Zakiyyah Iman Jackson is Associate Professor of English and Director of the Center for Feminist Research at the University of Southern California. Her research explores the literary and aesthetic aspects of Western philosophical and scientific discourse and investigates the engagement of African diasporic literature, film, and visual art with the historical concerns, knowledge claims, and rhetoric of Western science and philosophy. Professor Jackson is the author of Becoming Human: Matter and Meaning in an Antiblack World. Becoming Human is a call for rethinking the philosophical import of African diasporic literature and visual art. It demonstrates that gender, sexuality, and maternity are integral sites for producing a human-animal distinction that persistently reproduces the racial logics and orders of Western thought. Talk will be livestreamed on Zoom: Friday, February 24 at 5-6pm ET.

Dr. Ann Braithwaite

Ann Braithwaite is Professor and Coordinator of Diversity and Social Justice Studies at the University of Prince Edward Island. Her current scholarly work focuses on questions of "disciplinarity" and its intellectual, pedagogical, and institutional consequences, especially as they impact Women’s and Gender Studies (the most common way to name this discipline). Her publications include: "Everyday Women's and Gender Studies" (co-authored with Catherine M. Orr, forthcoming Routledge 2016), "Rethinking Women's and Gender Studies" (co-edited with Catherine M. Orr and Diane Lichtenstein, Routledge 2012), and "Troubling Women's Studies" (co-authored with Susan Heald, Susanne Luhmann, and Sharon Rosenberg, Sumach Press 2005). Talk will be livestreamed on Zoom: Saturday, February 25 at 5-6pm ET.

Dr. Jill Wood

Dr. Jill Wood is a Teaching Professor of Women's, Gender, and Sexuality Studies with her PhD in Biobehavioral Health and Women's Studies. Her research critiques the (bio)medicalization of women's health (specifically menstruation, pregnancy and childbirth, and the menopausal transition) and women's sexualities (particularly sexual desire and sexual response models).  In the area of reproductive justice, Dr. Wood examines the coercive use of contraceptive methods like LARCs (long-acting reversible contraceptives) as a state sanctioned form of social control among vulnerable populations. Similarly, Wood’s work on birth justice discusses how risk medicine and fetal rights discourse contributes to the surveillance and disembodiment of pregnant individuals. Talk will be livestreamed on Zoom and in-person in Willard 362: Friday, February 24 at 6-7pm ET.

Dr.
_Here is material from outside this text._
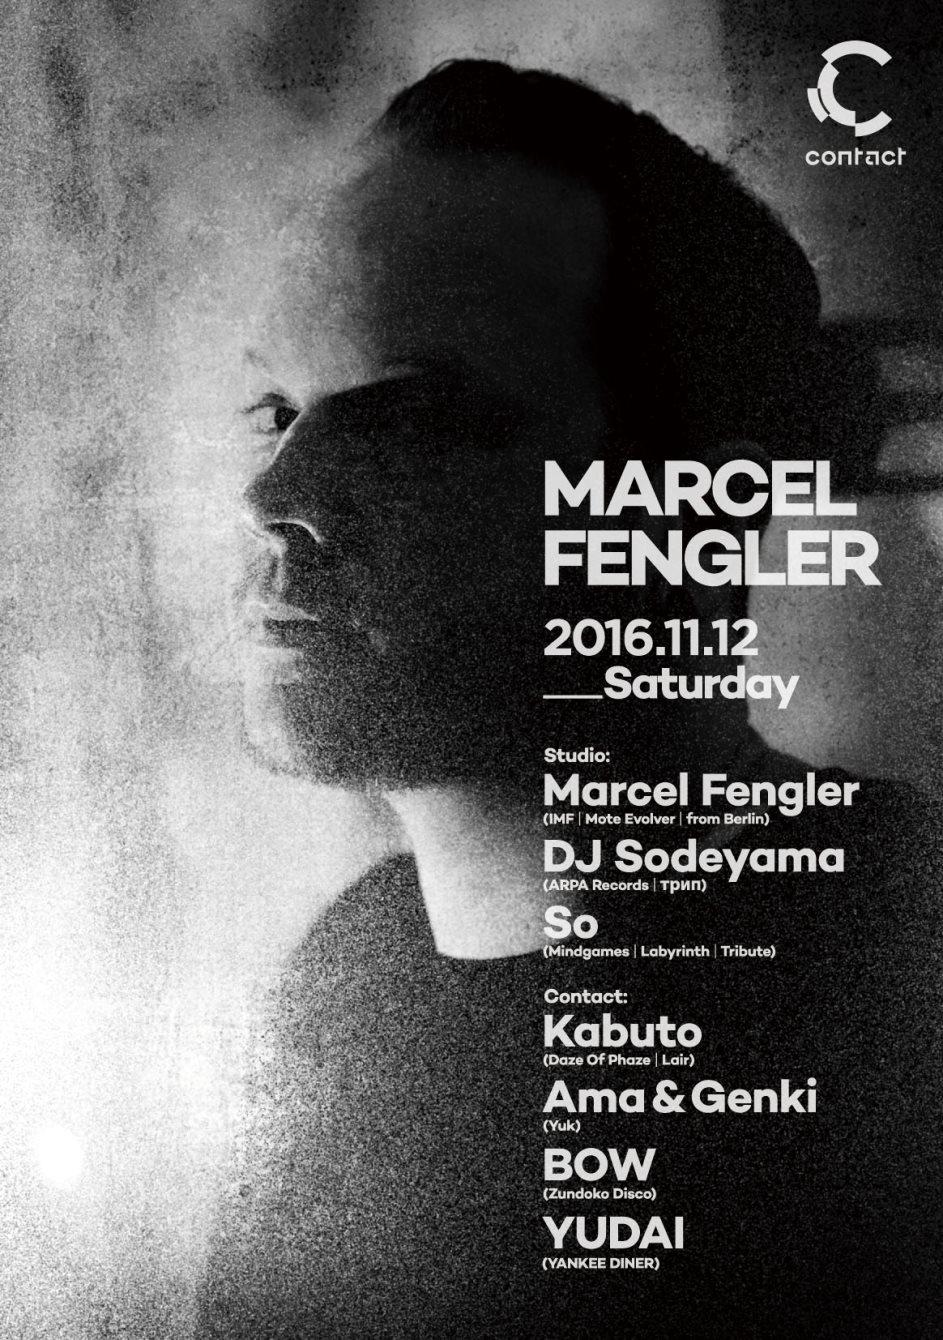 Marcel Fengler - Flyer front

C. Libby

C. Libby is an Assistant Teaching Professor of Women's, Gender, and Sexuality Studies. Libby holds a Ph.D. in Religious Studies, with a minor in Gender Studies and a certificate in medieval studies from Indiana University. Their research and teaching interests include medieval Christian spirituality, gender and sexuality studies, affect theory, and the history of emotions. Libby's current project, (En)Gendering Feeling in the Middle Ages, places textual accounts of premodern gender crossing in conversation with contemporary scholarship in queer and trans studies. This project aims to make sense of the contested terrain of gendered embodiment by examining how affective intensities (anger, wonder, desire, fear) are produced around and through gender transgressive bodies. Talk will be livestreamed on Zoom and in-person in Willard 362: Saturday, February 25 at 6-7pm ET.